#### What is expected
Give back each line of the data exactly as it reads, minus the pictures.

*** Opening of Data for review ***

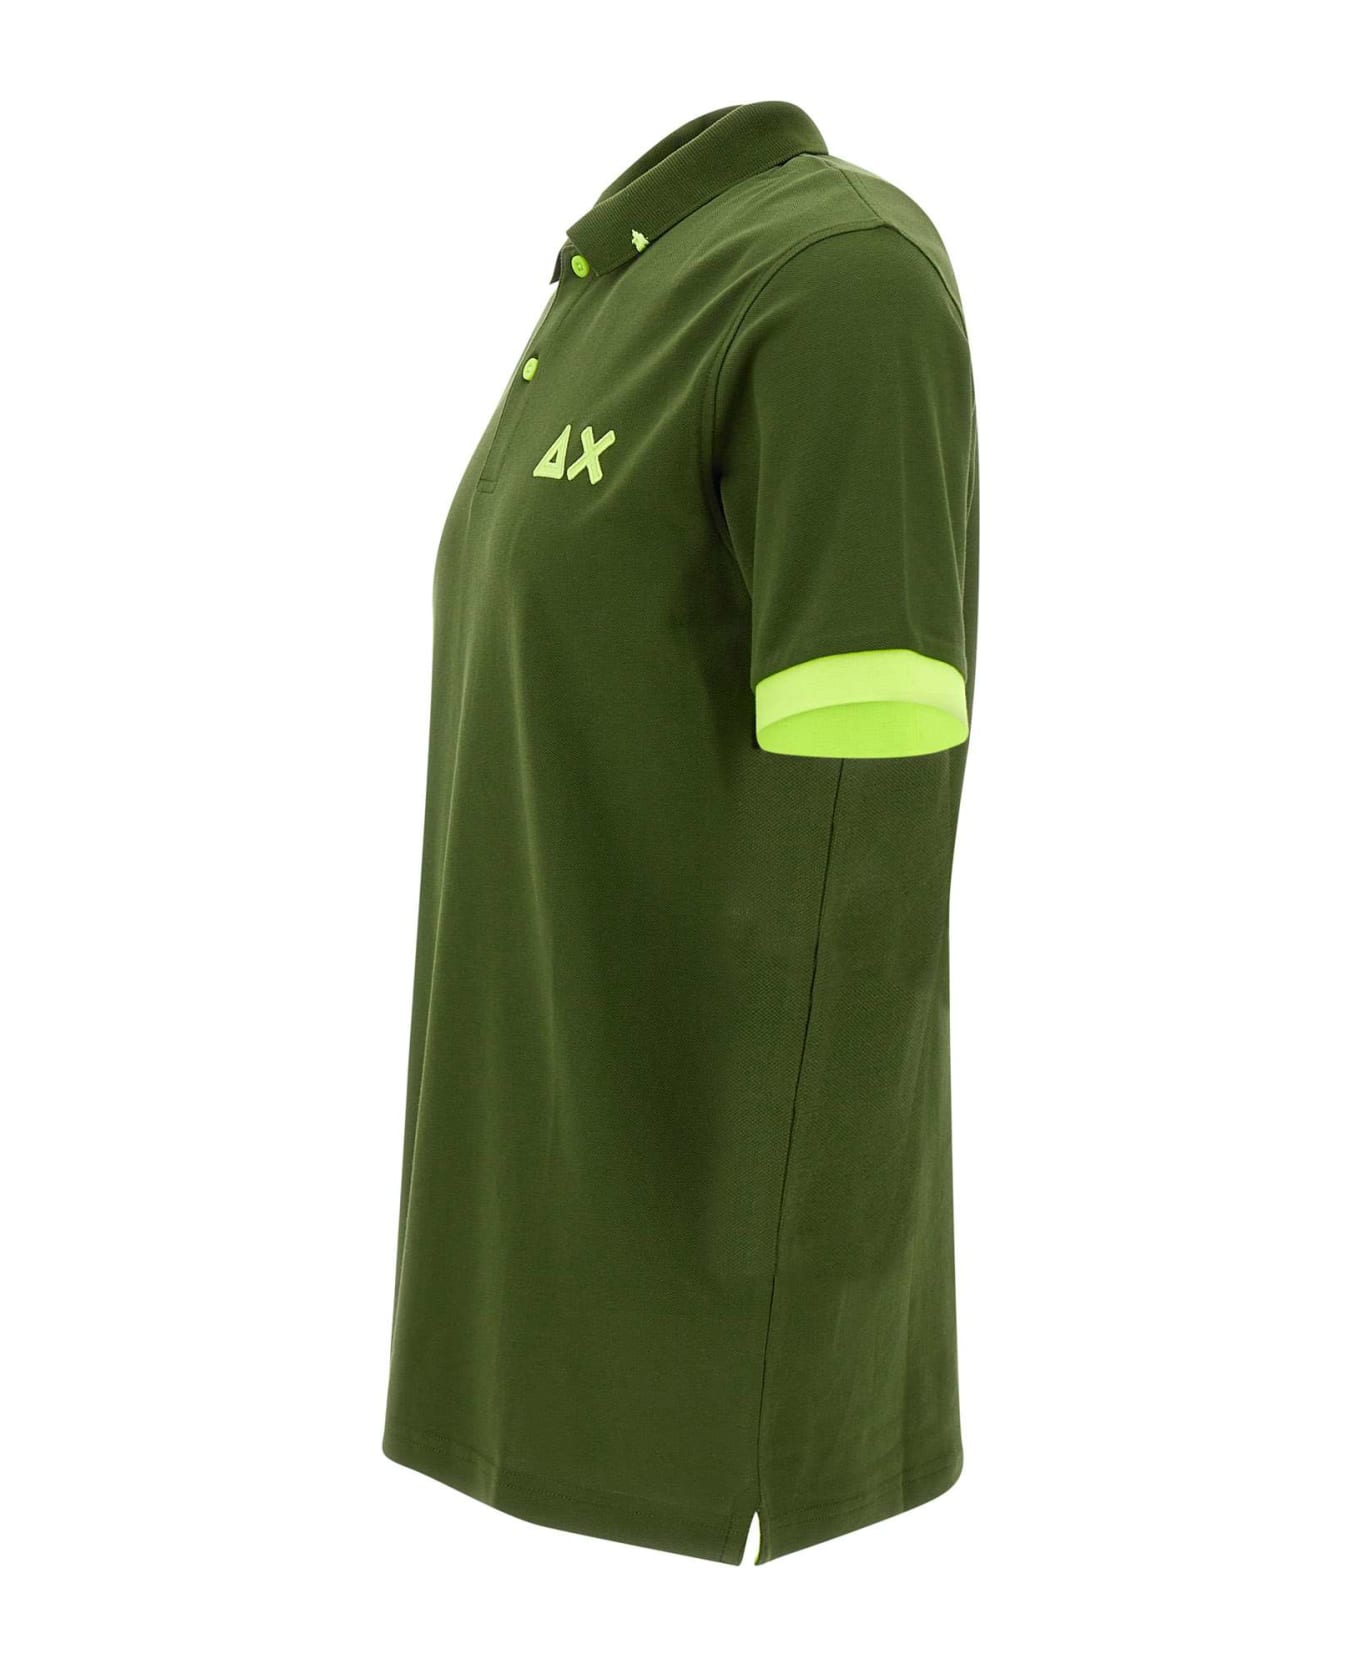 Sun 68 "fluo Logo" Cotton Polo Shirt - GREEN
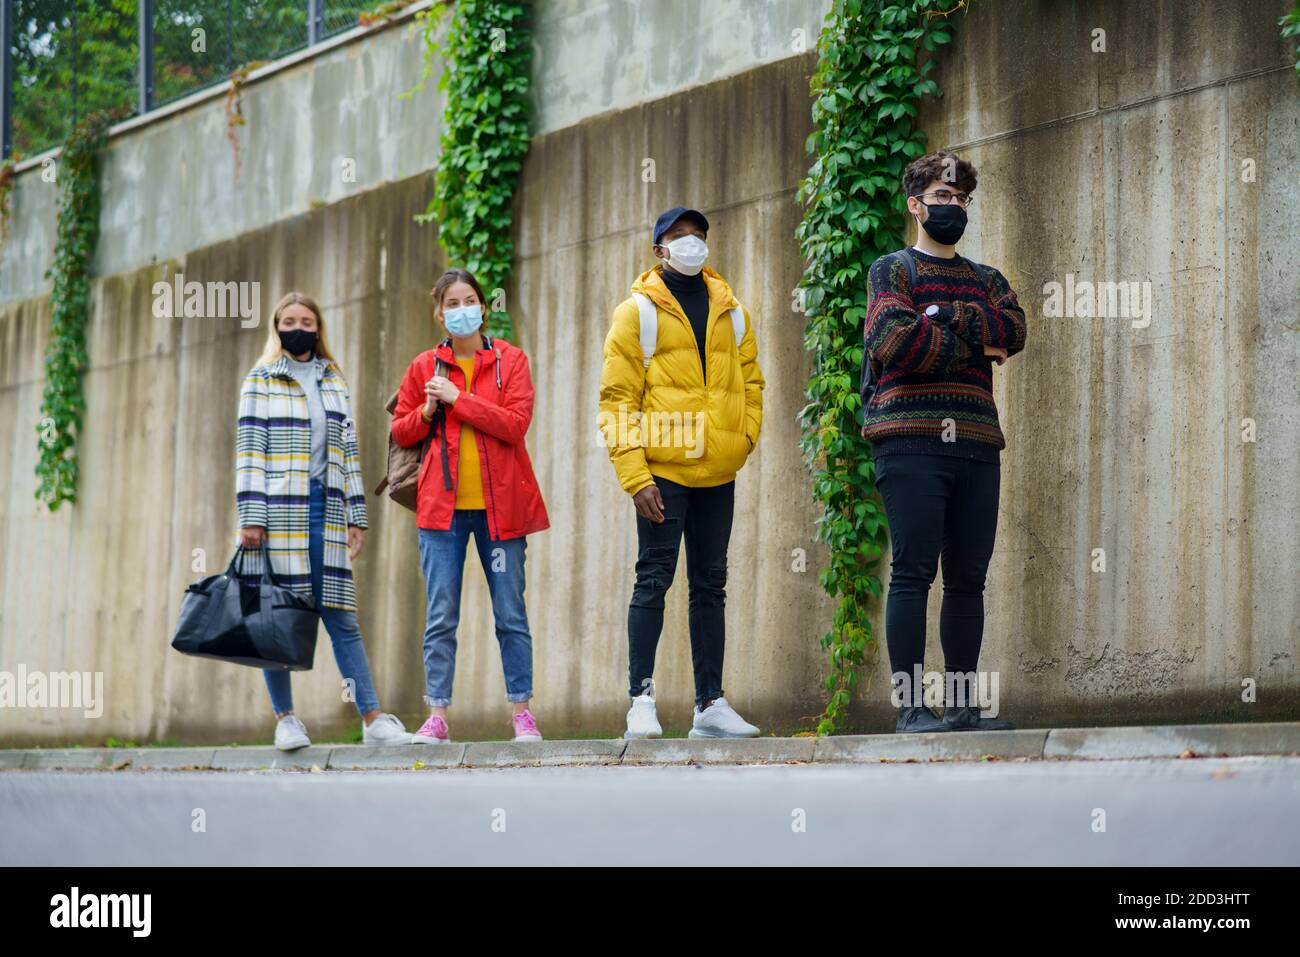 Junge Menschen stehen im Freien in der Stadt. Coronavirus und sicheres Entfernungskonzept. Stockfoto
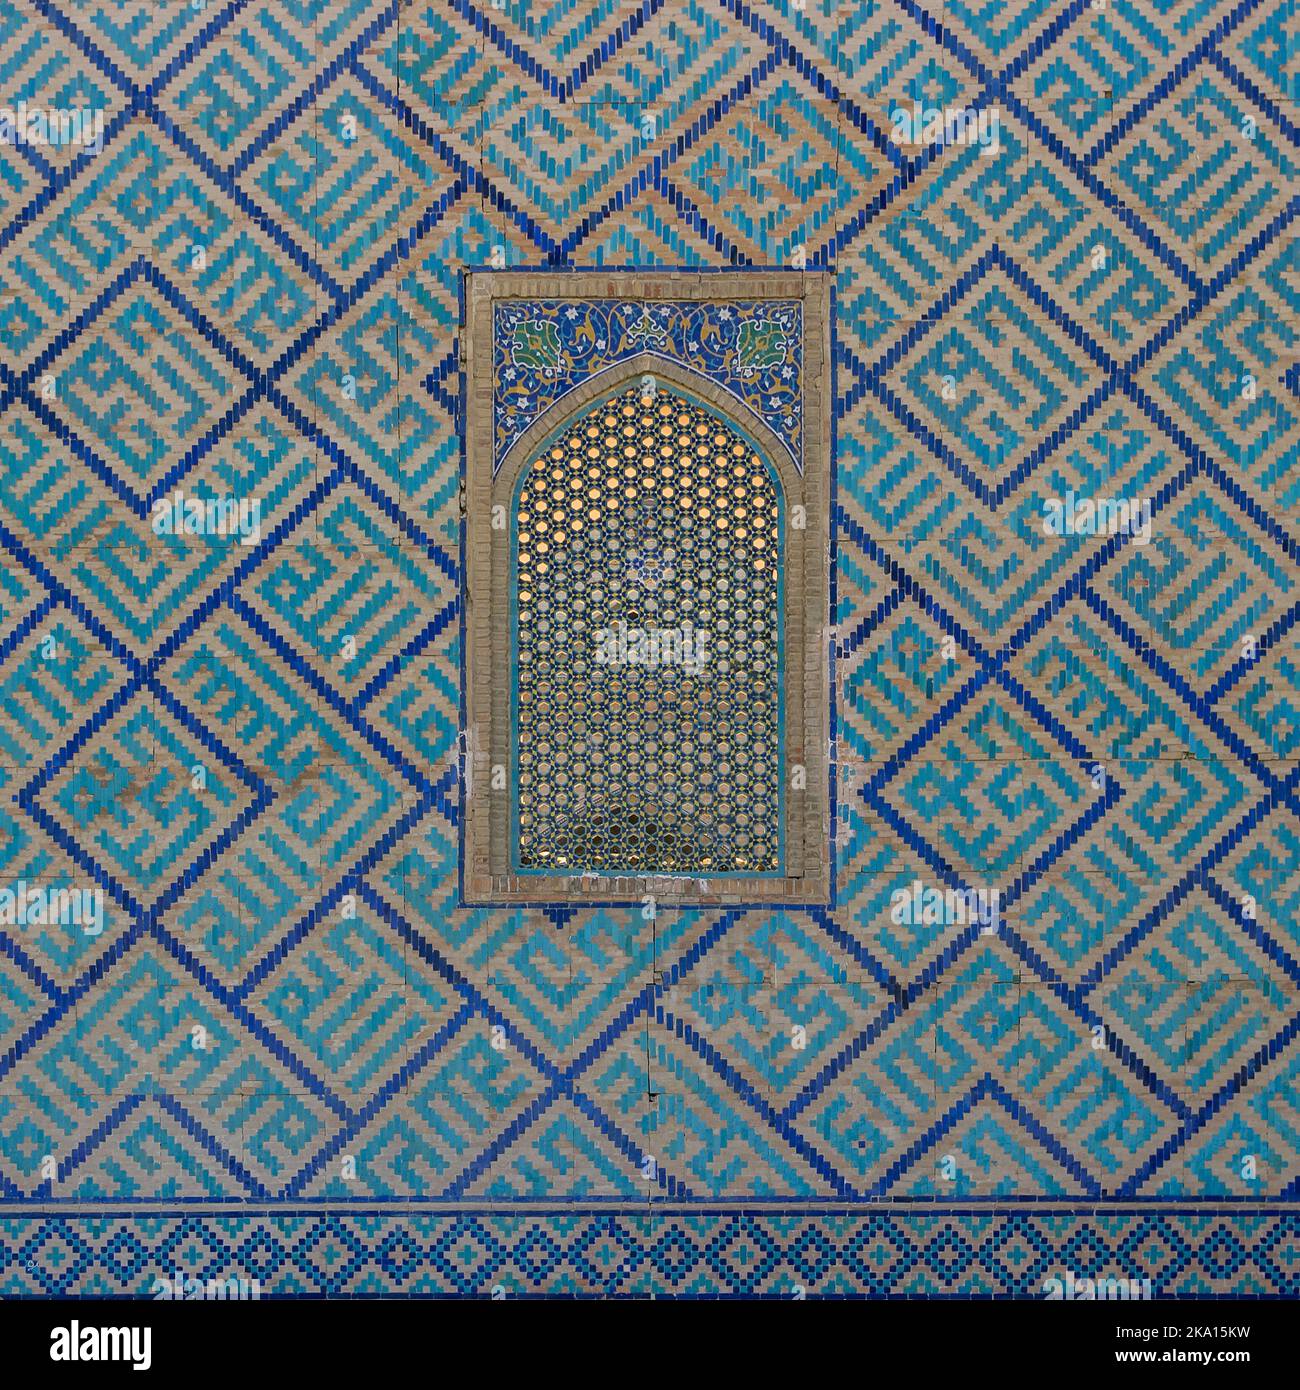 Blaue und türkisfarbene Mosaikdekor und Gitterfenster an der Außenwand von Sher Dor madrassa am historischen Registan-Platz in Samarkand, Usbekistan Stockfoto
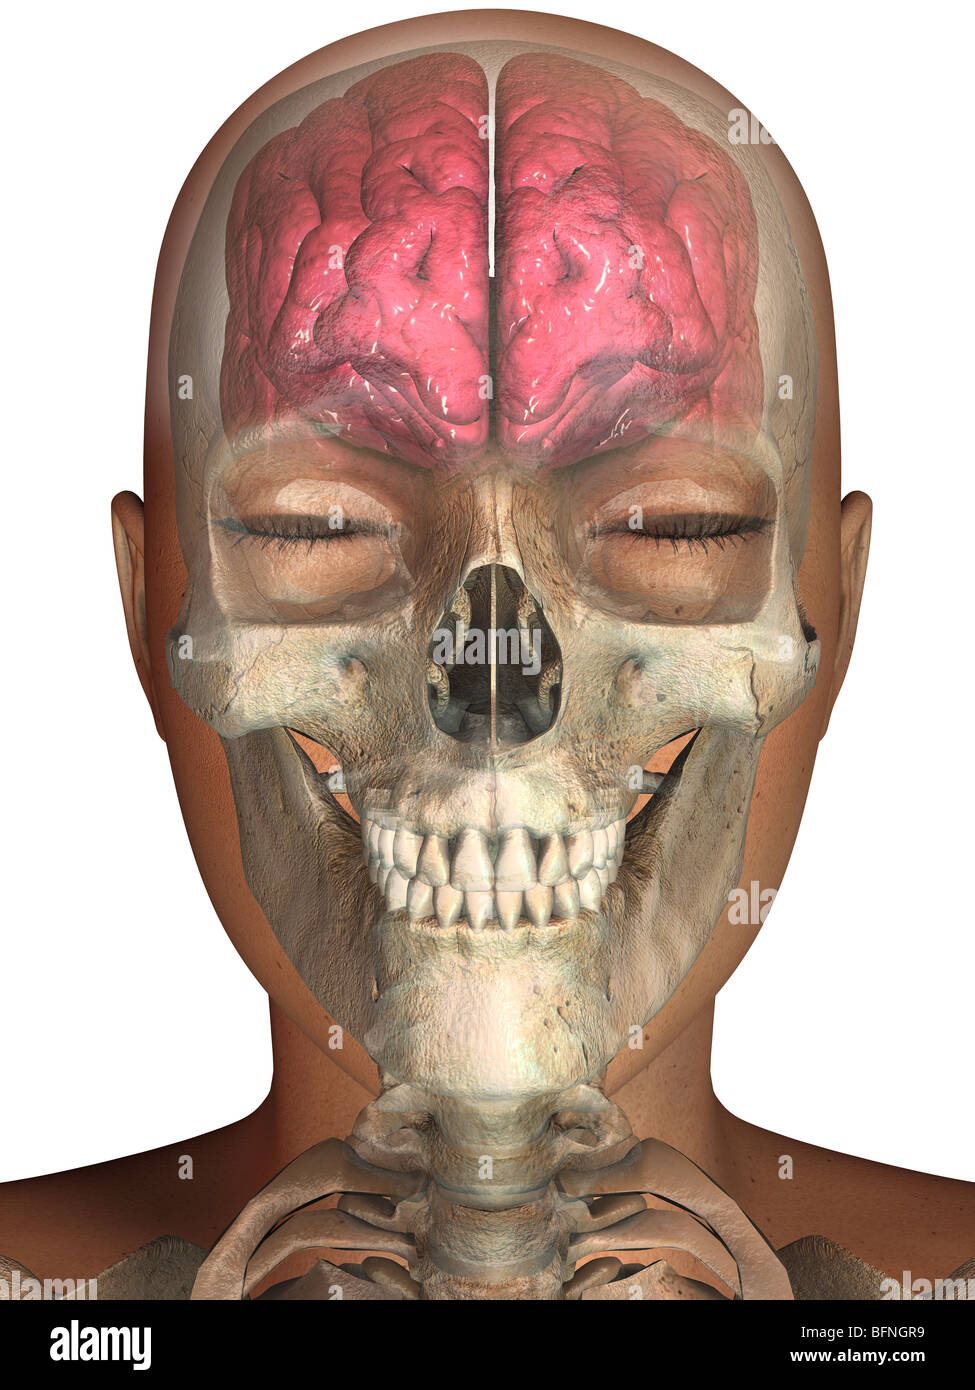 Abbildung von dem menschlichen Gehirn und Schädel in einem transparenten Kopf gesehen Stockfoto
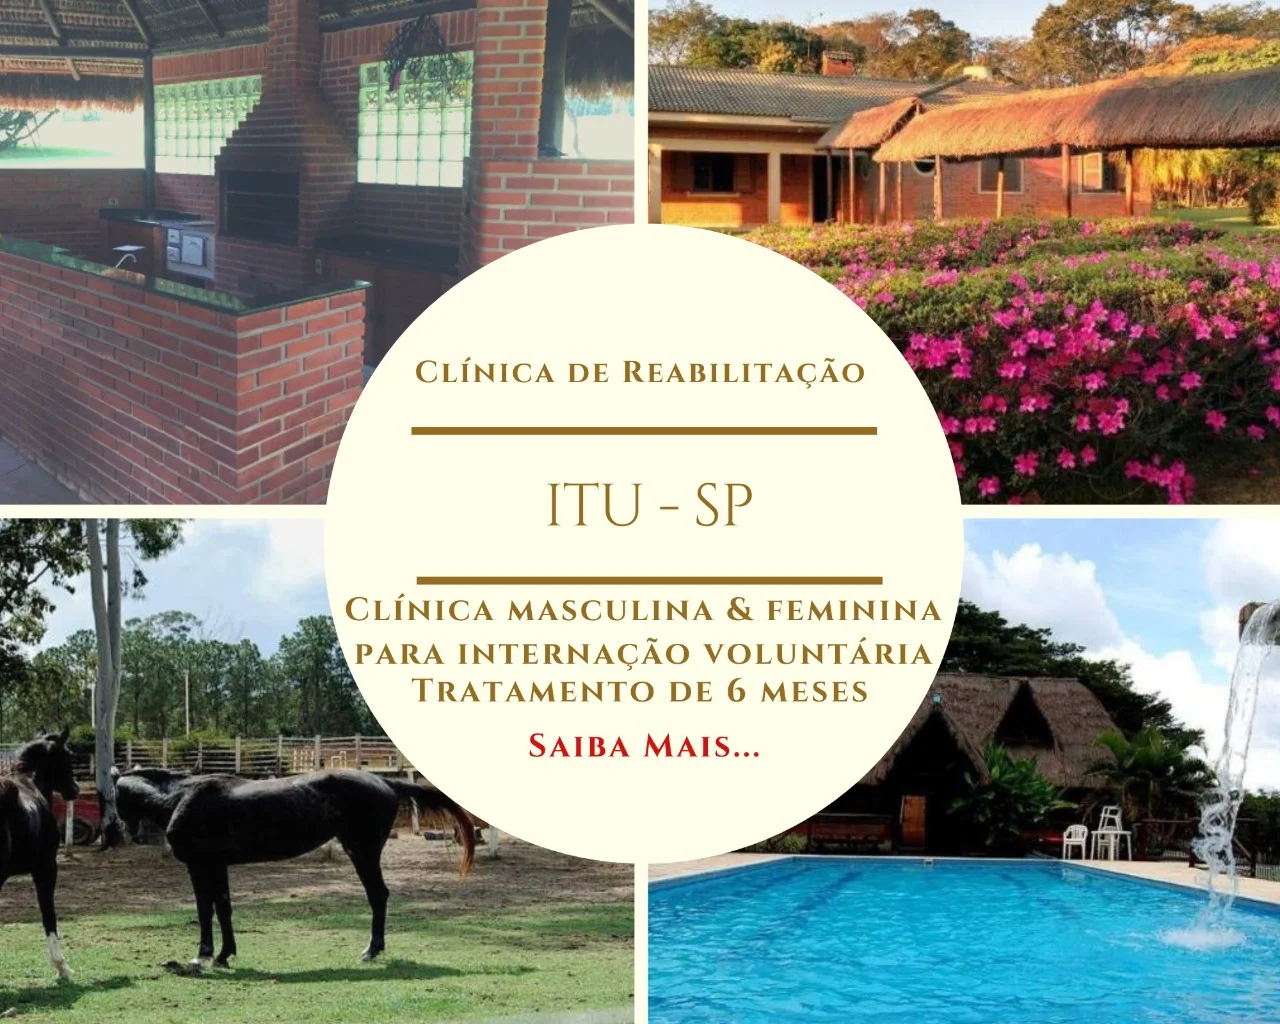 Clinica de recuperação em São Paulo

*** Close of Data for review ***

#### Written answer
 Sun 68 "fluo Logo" Cotton Polo Shirt - GREEN
 Junge Menschen stehen im Freien in der Stadt. Coronavirus und sicheres Entfernungskonzept. Stockfoto
 Blaue und türkisfarbene Mosaikdekor und Gitterfenster an der Außenwand von Sher Dor madrassa am historischen Registan-Platz in Samarkand, Usbekistan Stockfoto
 Abbildung von dem menschlichen Gehirn und Schädel in einem transparenten Kopf gesehen Stockfoto
 Clinica de recuperação em São Paulo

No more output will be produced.